# Passport / ownership change question



## Caramac71 (27 June 2014)

We have bought a mare with an Irish Draught Horse Society passport.  I printed off the Change of Ownership form from IDHS website and previous owner has signed that.

However, the previous owner never had the passport changed by IDHS - she had it overstamped by Sport Horse Breeding of Great Britain.  So is it going to be a problem sending the Change of Ownership form in and getting the passport changed?

I dont really understand it all so if anyone could explain I'd be very grateful.  I have tried emailing, phoning and leaving messages with IDHS over the last 2 weeks but have not been able to get an answer.  I'm debating whether to just post off the form, passport and money and hoping for the best.


----------



## Sugar_and_Spice (17 July 2014)

Is it possible that the first passport issuer has been taken over by the second? That would explain why you can't get a reply. I would contact Sport Horse Breeding of Great Britain and ask why someone would have a passport over stamped by them and also ask what is their relationship to the Irish Draught Horse Society .

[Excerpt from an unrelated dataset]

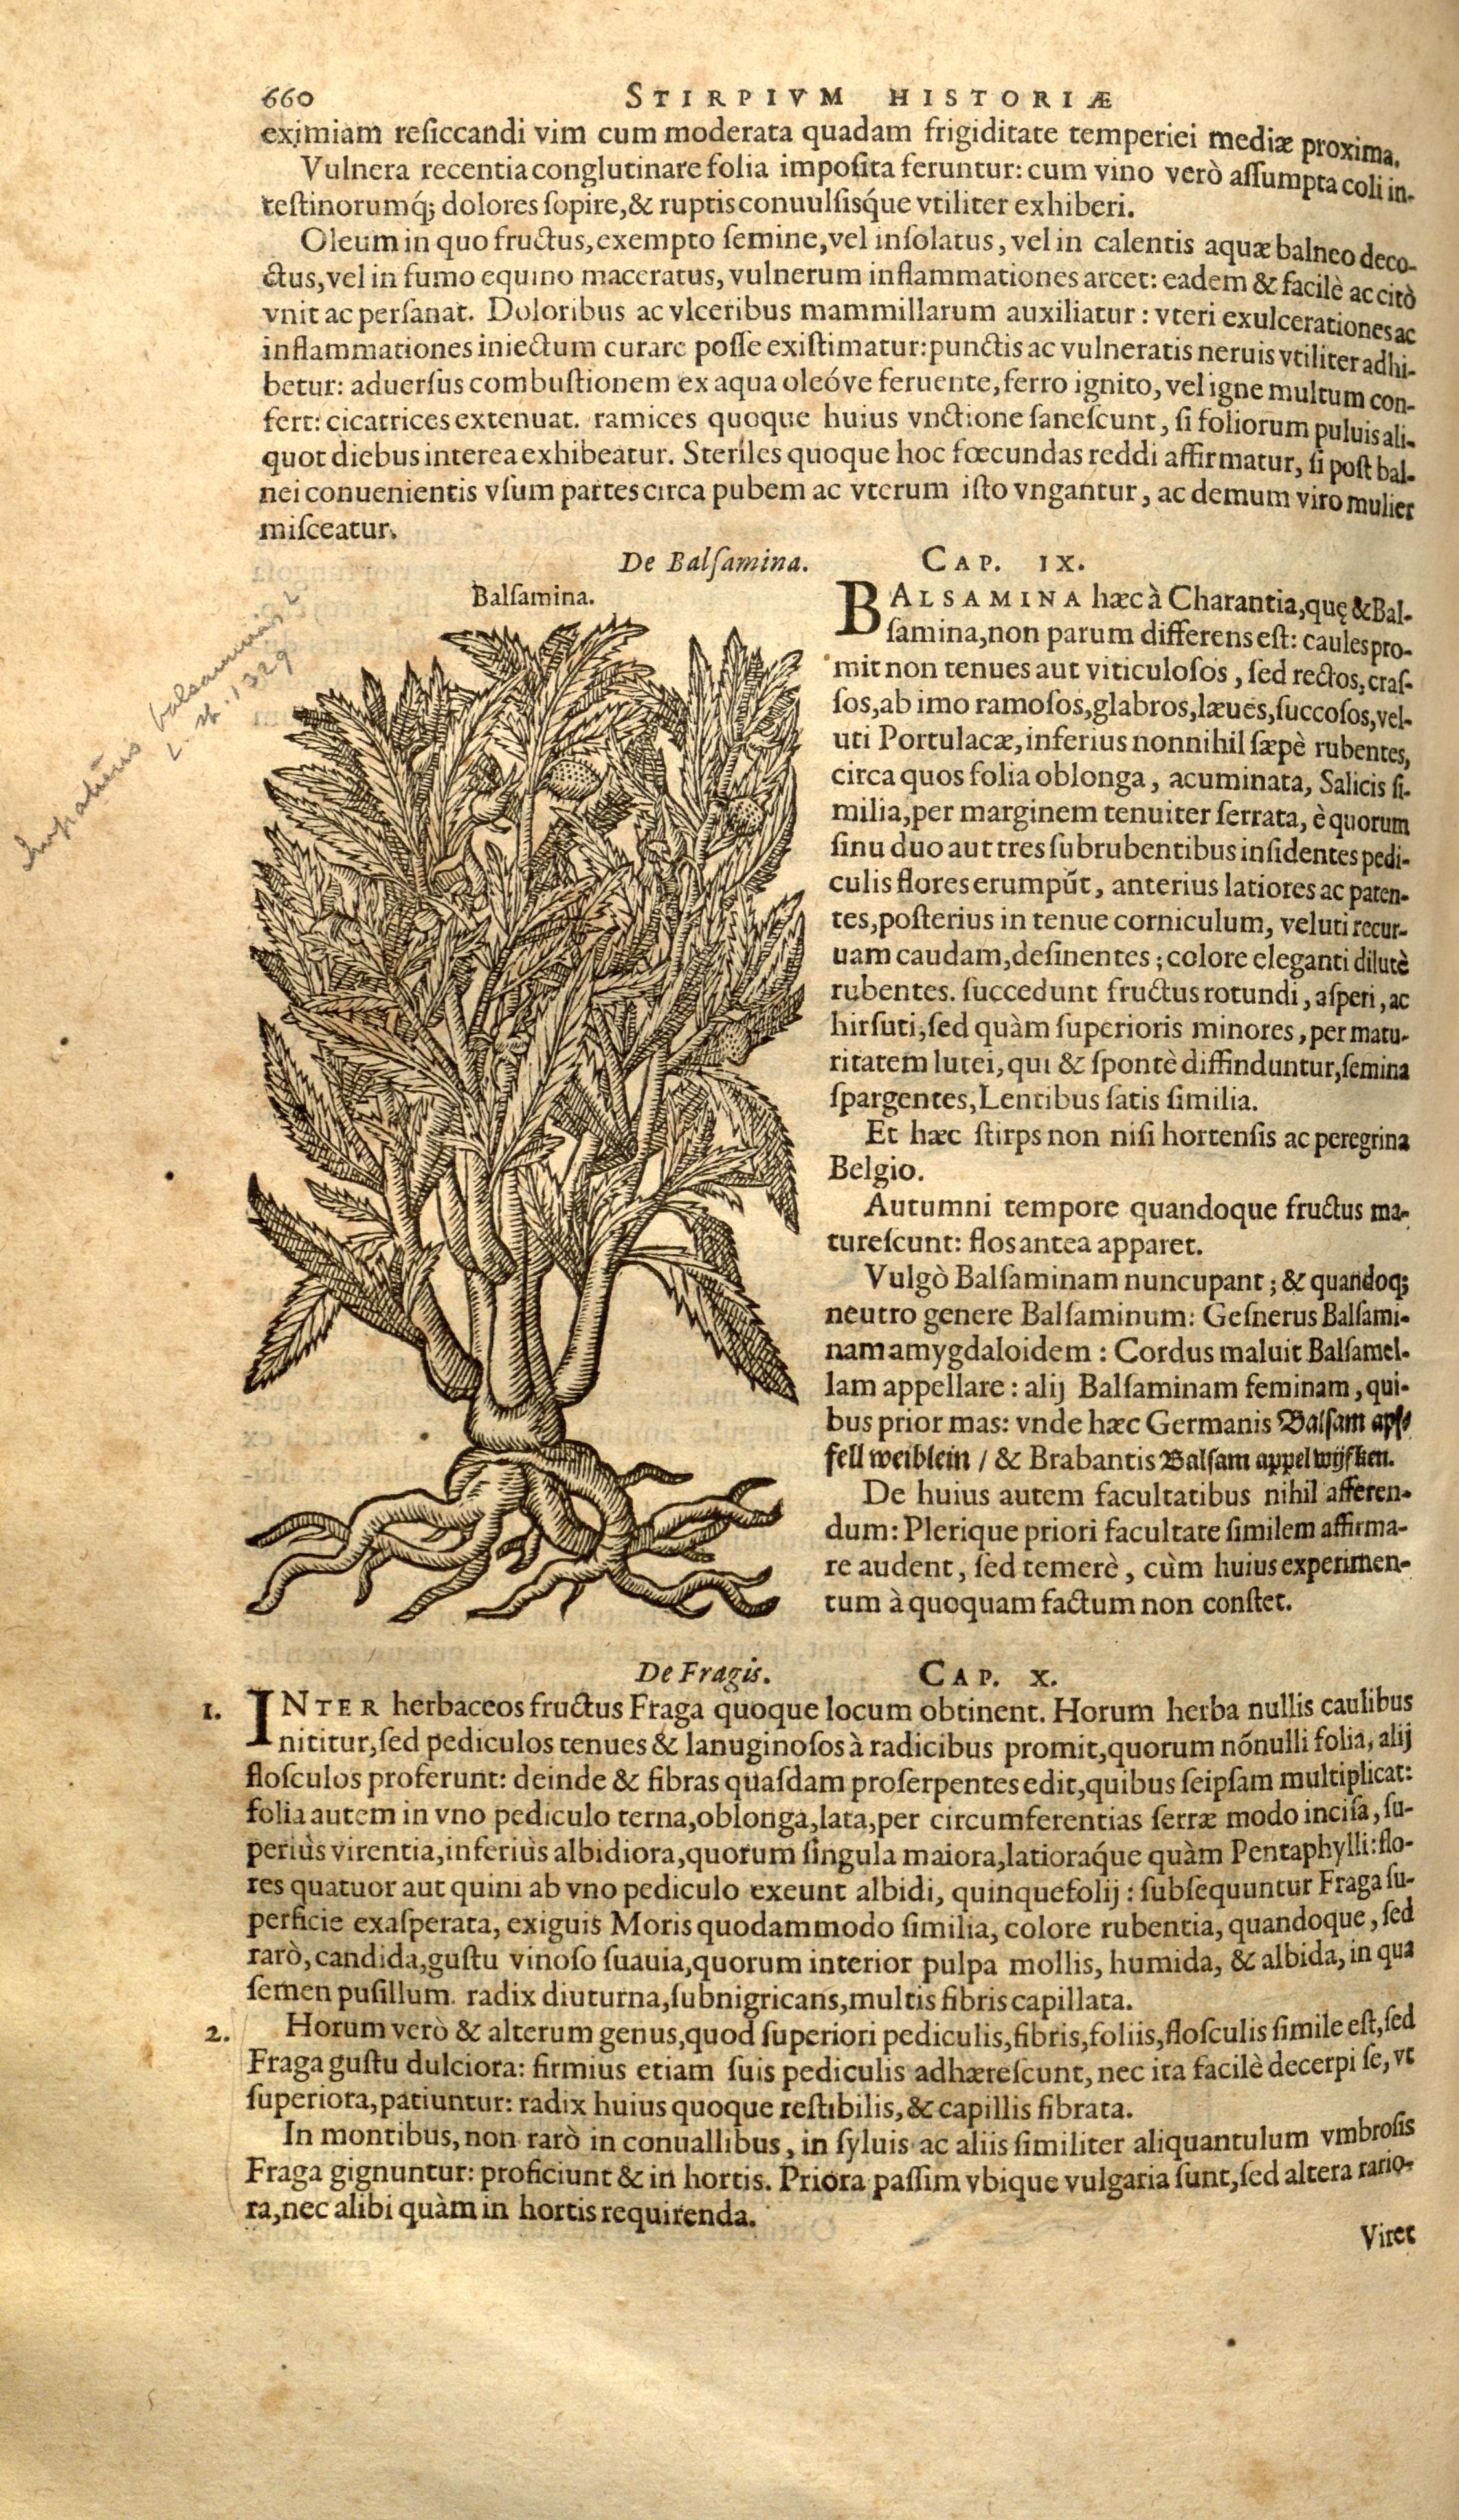 historiae pemptades sex, sive libri XXX (Page 660) BHL8100316.jpg Remberti Dodonaei ... Stirpium historiae pemptades sex, sive libri XXX. Date 1583 Source
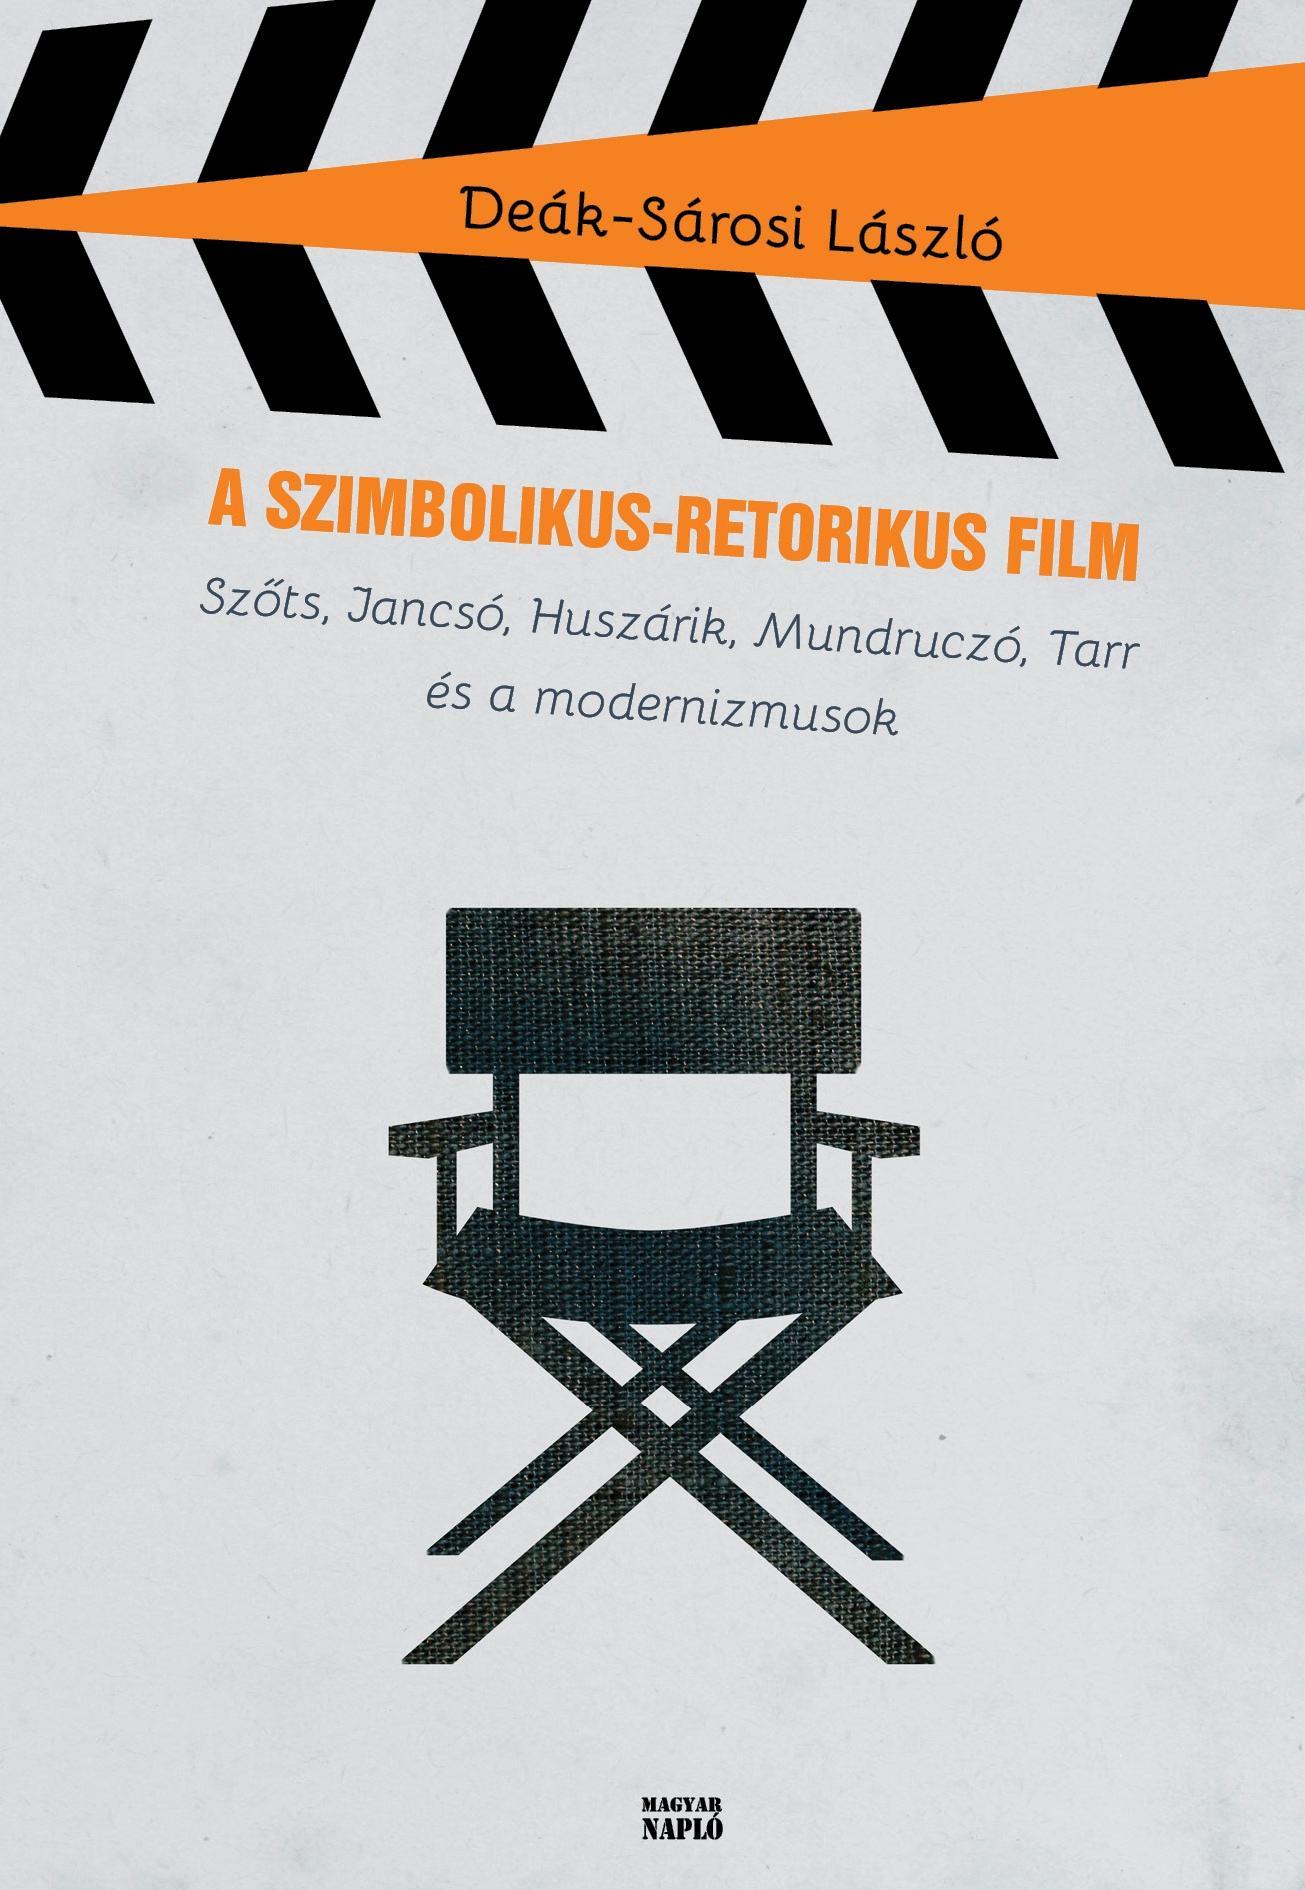 A SZIMBOLIKUS-RETORIKUS FILM

 It might be that they haven't taken over the Irish Daught Horse Society passports, but that maybe the previous owner of the horse wanted him registered with two societies. That's common for competition purposes, eg you could have a piebald who is also a purebred horse, so the breed society passport would be over stamped by the British Skewbald & Piebald Association if the owner wanted to enter shows run by BSPA. 

The old owner should have put the passport in their name but many people don't. I bought a horse in this situation and I had to give the passport issuer the old owners details as well as my own. They didn't add the old owner to the passport it was just for their records.

When you post it off use a signature postal service so if it doesn't get delivered it will hopefully be sent back to you.


----------



## JanetGeorge (18 July 2014)

Have you had NO answer from IDHS(GB)?  THAT disurbs me! (I'm a trustee of IDHS(GB) and I'd HOPE we're a bt more efficient than that!)  Getting passports overstamped is very common - for showing etc.

If the last owner signed the change of ownership form then there shouldn't be any problem getting the passport changed.  Was it the main office you contacted, or Annie - who does passports?


----------